GoogleのAdSense広告戦略は、新市場型破壊による”イノベーションの解”か?

Googleはなぜ革新的なのか?IPOを控えてGoogle談義が花盛りのなか、幾つかの記事を読んでいると、クリステンセン氏の新著「イノベーションの解」で提起されている、”新市場型破壊”のパターンに、Googleが見事に一致するような気がしてきました。

Yahoo!などの大手ポータルサイトが、なぜ当初はGoogleをパートナーとしていたのに、ここに来て急にGoogleと決別して、検索エンジンを自社開発したり、Overtureの買収をおこなったりしているのか。逆に言うと、なぜ初期の段階ではYahoo!は検索エンジンに、Googleを採用するという判断を下したのか。
GoogleのAdWords、AdSense広告がなぜこれほどまでに急速に普及し始めたのか。この辺りの疑問を読み解くために、「イノベーションの解」の”無消費を市場にする”、”新市場型破壊のパターン”といったロジックが、非常に有効なアプローチとなるような気がします。

まず、当初はYahoo!とGoogleの提携がなぜなりたったのか、という点に関しては、Joi Itoさんの以下の記事がヒントとなります。(引用部分は、英語の原文から要約)

Seven years in the search business(Joi Ito's Web)

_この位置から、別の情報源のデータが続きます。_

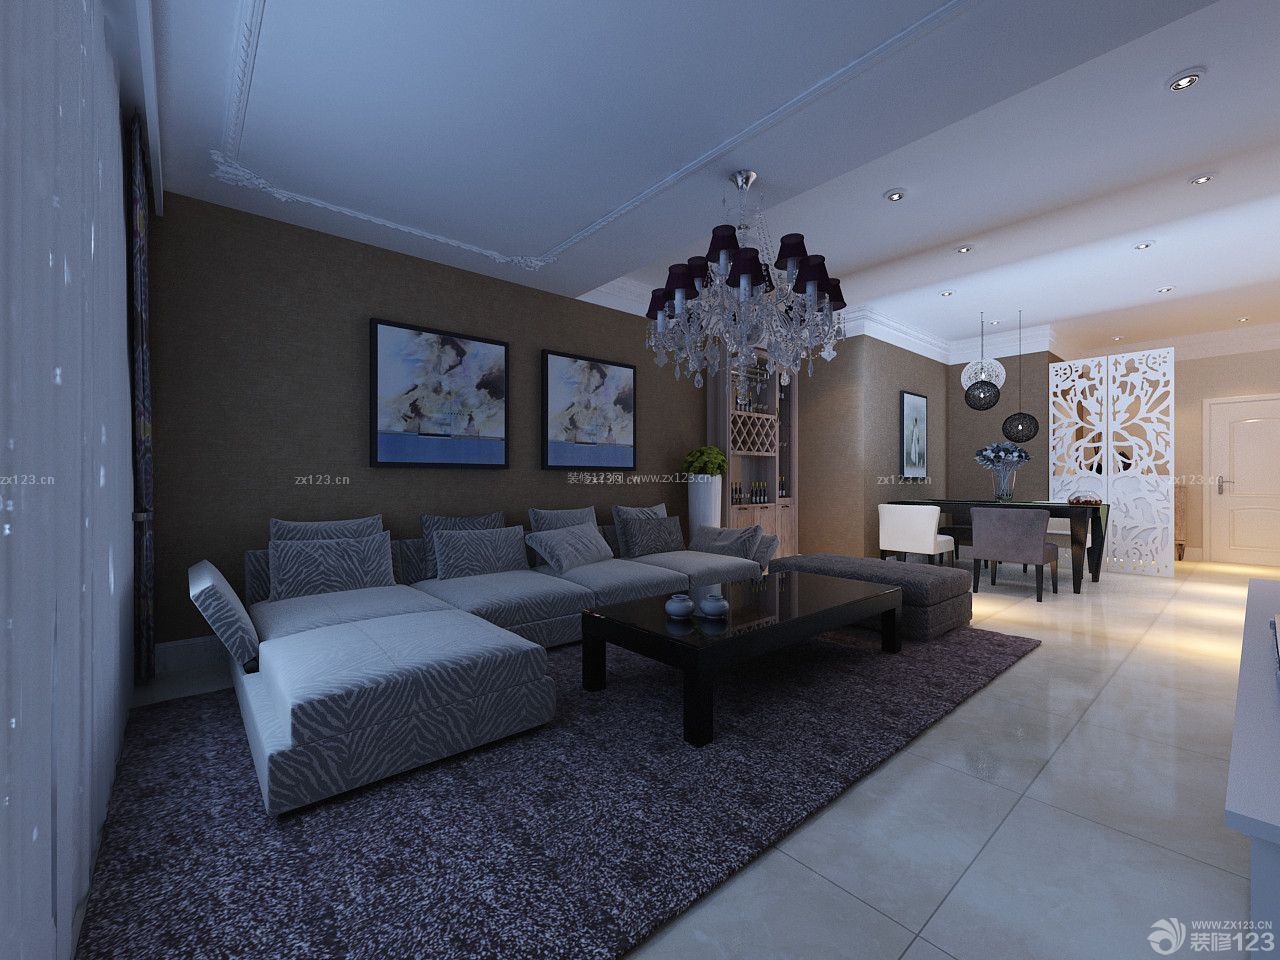 现代设计风格 三室两厅 家居客厅装修效果图 软沙发

インターネット広告は当初、既存のメディアのシステムになぞらえて、トップページはいくら、ページのこの場所だといくら、というような値段付けをされていた。ユーザーがどのような情報を探しているかを考慮したターゲット広告、ページビューをもとにした値付けは、既存の広告主に受け入れられなかった。また、検索機能を重視するのではなく、既存のメディアのコンテンツを流用するような”ポータル・サイト志向”も強かった。

確かに、当時(7年前)を振り返ると”ポータル戦略”が花盛りで、Yahoo!を初めとして、MSN、国内の大手検索サイト、ISPのホームページは、「いかに既存のメディアのように華やかさを出せるか」ということを競っていたころでした。その後、Googleが登場した際にも、Googleのきわめてシンプルなトップページは、そういった”メジャーなポータル”からしてみれば、競争相手にはならない、地味でローエンドなサイトとみなされていたのかもしれません。
つまり、ユーザーは華やかなポータルに魅了されてアクセスしてくるのであり、華やかなトップページで高い広告料金をとることができる。したがって、検索のような地味な機能は、外部の提携先にアウトソースすることで、自社はより付加価値の高いビジネス領域(ポータル機能の拡充)に集中することができる。これは、ビジネス的な判断として(当時は)妥当といえるでしょう。
しかしこの判断には、「イノベーションの解」で”コアコンピタンスとROA(資産収益率)最大化のデス・スパイラル”と評されるワナが潜んでいた可能性があります。ポータルサイトのコアコンピタンス(=コンテンツページの広告収入)に投資を集約し、ローエンド(=一般サイトの検索)を切り捨てることで、短期的には収益の向上を果たせるものの、切り捨てた市場にこそ、技術革新の可能性があったわけです。
Googleは切り捨てられたローエンド市場(=一般サイトの検索)において、革新的な技術を導入することにより、いままで顕在化していなかった大きな利益を独占するようになります。この部分は、WiredのGoogle特集の中で、Googleの広告ビジネスについて書かれている以下の記事が参考になりました。(引用文は、英語の原文を要約)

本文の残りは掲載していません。